In 1982 he joined the Research Laboratories of Siemens AG in Munich, Germany, where he was involved in the development of CMOS fabrication technologies, integrated static memories, RISC processors and broadband telecommunication circuits. From 1990 he led a research group on MOS-technology-based power-semiconductor devices, which included power-device design, modeling and power modules for packaging. In 1995 he joined the Siemens Semiconductor Group as Manager of the Department for Product Analysis and Improvement in the Chip Card IC Division.
Since 1996 he is with Hiroshima University, Higashi-Hiroshima, Japan, where he is presently a Professor at the Research Institute for Nanodevice and Bio Systems, and also the Graduate School of Advanced Sciences of Matter. In addition he serves as the Director of the HiSIM Research Center and as a member of Hiroshima University’s structural and educational reform committee.
Prof. Mattausch has published about 300 papers in refereed journals and conference proceedings. He is also the coauthor of a book on advanced surface-potential methods for compact MOSFET modeling and a book chapter on high-voltage MOSFET models for circuit simulation.

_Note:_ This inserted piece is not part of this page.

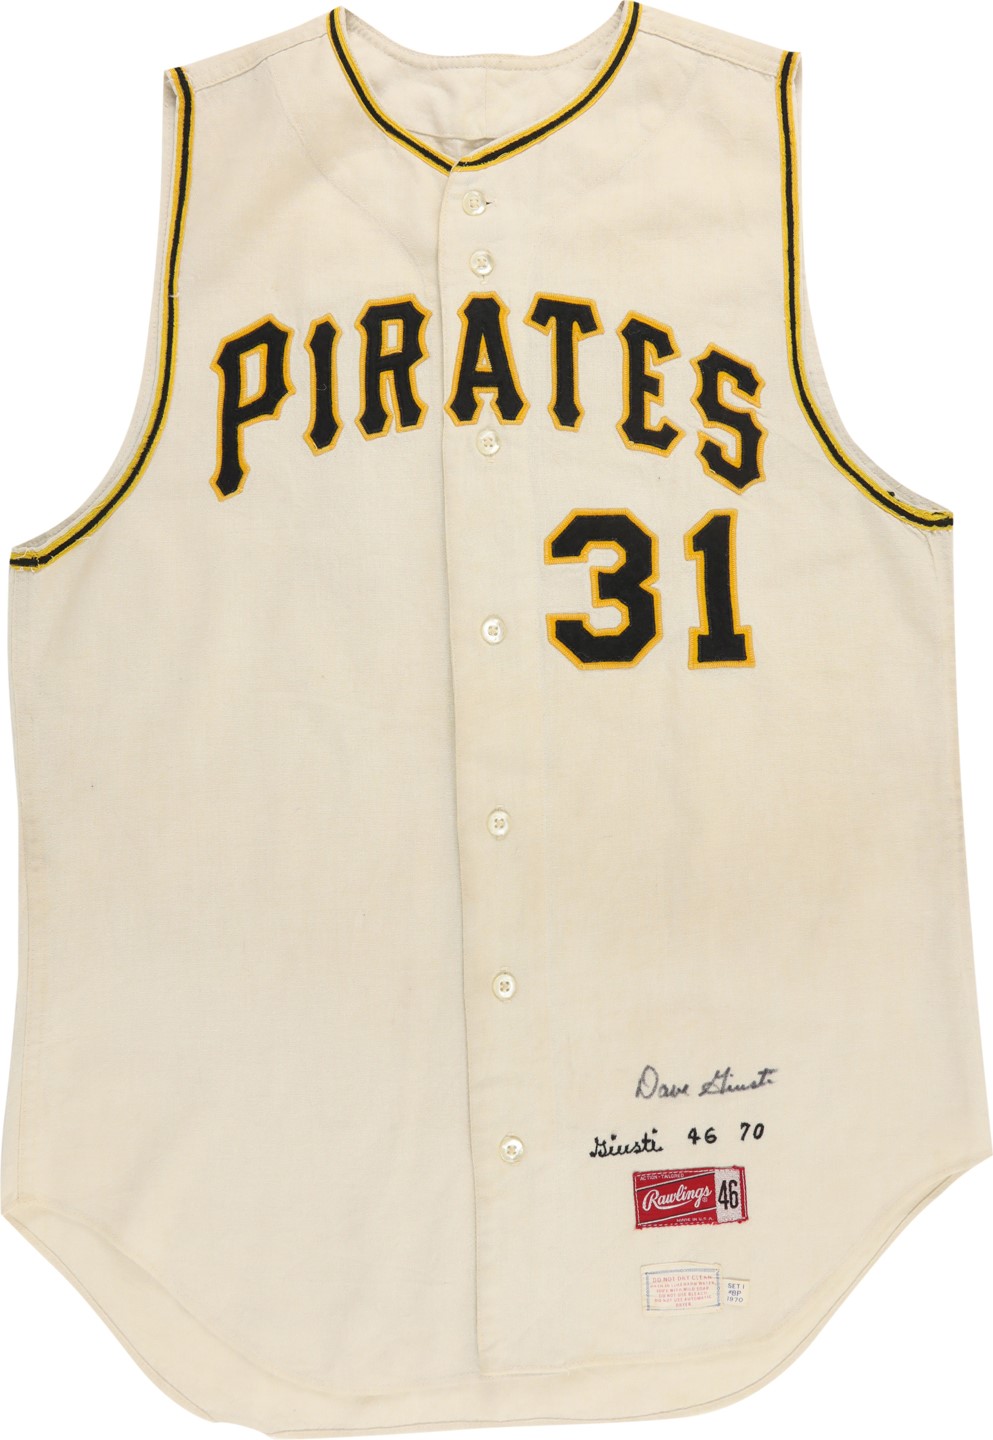 - 1970 Dave Giusti Pittsburgh Pirates Game Worn Jersey

His main present research interests are in the fields of associative memories with fully-parallel nearest-distance search capabilities, architectures and VLSI implementation of practical systems with learning and recognition capabilities for mobile applications, nano-electronics applications in general, and compact modeling of integrated devices for circuit simulation. He is leading a number of research projects and industrial consortia for research-result applications in these research areas.
Prof. Mattausch is serving as TPC member of the European Solid-State Circuits Conference and the International Workshop on Compact Modeling. He is a senior member of IEEE and a member of IEICE.